Members of the public can vote for their favourite to become the final piece.
The six finalists
Echoes from beneath the deep and in between the canes
Alberta Whittle
“I am Barbadian but my family made their home in London during the 1960s. Family conversations nurtured a commitment to reimagine freedom in the wake of enslavement.
“In the Americas, the Caribbean and the African continent, proof of transatlantic slavery resides in plantations, barracoons and fields of sugarcane, tobacco, cocoa and coffee.
“In Britain the evidence has been disguised.”
Echoes from beneath the deep and in between the canes includes a Caribbean-style pavilion alongside a sugarcane field and cowrie shells, which are synonymous with the trade of enslaved people.
Archaeology of Contemplation
Grada Kilomba
“The image of a boat is a metaphor of remembrance, remembering those who were transported as cargo by the British and other nations.
“The Middle Passage was the brutal voyage of millions of enslaved Africans across the Atlantic into forced labour in the Caribbean and Americas.
“In horrendous conditions, people were transported as cargo by the British and other European nations.
“This sculpture carefully reveals the bottom of these boats, making visible the invisible.
“Just as a continent with millions of people cannot be discovered, neither can one of the most tragic periods of humanity be erased.”
Ripple
Helen Cammock
“I think of water and its role in the movement of bodies. Ripples carry water, and air.
“They are a way to understand past action and decision effects, as they move through time.
“A ripple holds both absence and presence, and is not a ripple without both.”
Ripple is a large scale, circular stone structure with six engraved texts in West African wood.
It asks us to think about how histories resonate, reverberate and replicate – just like a ripple in water.

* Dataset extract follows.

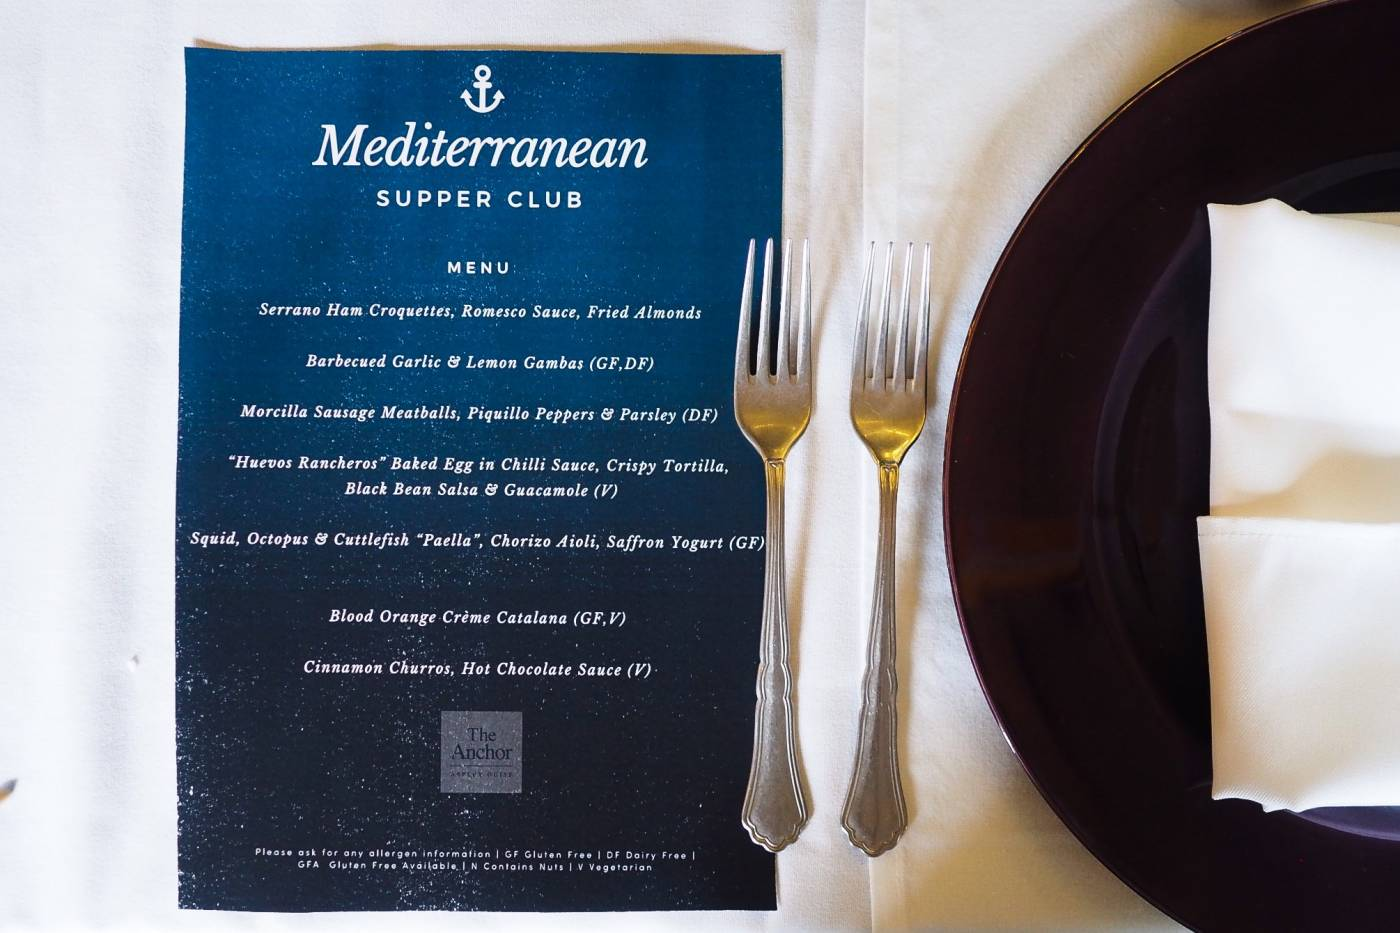 The_Anchor_Aspley_Guise_Mediterranean_Supper_Club(3)

Memorial for the victims of the transatlantic slave trade
Hew Locke
“It’s been estimated that up to a quarter of all enslaved people transported across the Atlantic were children.
“Children born into slavery could be traded away from their own parents and, as they grew, their own children would then be enslaved and traded away in turn.
“As well as the past, this memorial also needs to be about the present and the future – and children signify the future.
“I want to engender a sense of pride in our survival.
“I want the work to be delicate but hard hitting.”
The work consists of bronze sculptures of boys and girls carrying buildings that were built in London from money earned by the trade in enslaved people.
The Wake
Khaleb Brooks
“The intention behind this work is not just to remember individual stories and hopes, but also counteract the history of forgetting embedded in colonialism.
“In the Museum of London Docklands, there’s a list of ships, captains, owners and destinations that participated in the slave trade, but no names of enslaved individuals.
“Victims are often excluded from archives.”
The Wake uses a large scale cowrie shell to represent the perseverance, prosperity and beauty rooted in African and African diasporic heritage.
Nana Buluku
Zak Ové
“I have created a representation of Nana Buluku, an African Queen, an Afro-futurist deity and a celebration of the history of African culture.
“She is positive and colourful. Her embodiment is mythic yet futuristic, unashamedly black and beautiful.
“She is Black Pride.
“She is believed to be the mother of all deceased people and accompanies them during their journey to the land of the dead, preparing their souls to be born again.”
Built in steel with cast resin details, Nana Buluku is internally lit, adorned with a filigree halo inscribed with protective symbols.
Commenting on the future memorial, Douglas Gilmore from the Museum of London Docklands said: “Our museum on West India Quay occupies a former warehouse built in the 1800s to store produce grown and harvested by enslaved Africans in the West Indies. An example of how the very fabric of London has been shaped by this history.
“Now home to one of only a few permanent galleries in the UK devoted to this subject, and the only one in a European capital city, I can think of no better place to have the memorial than outside the museum.”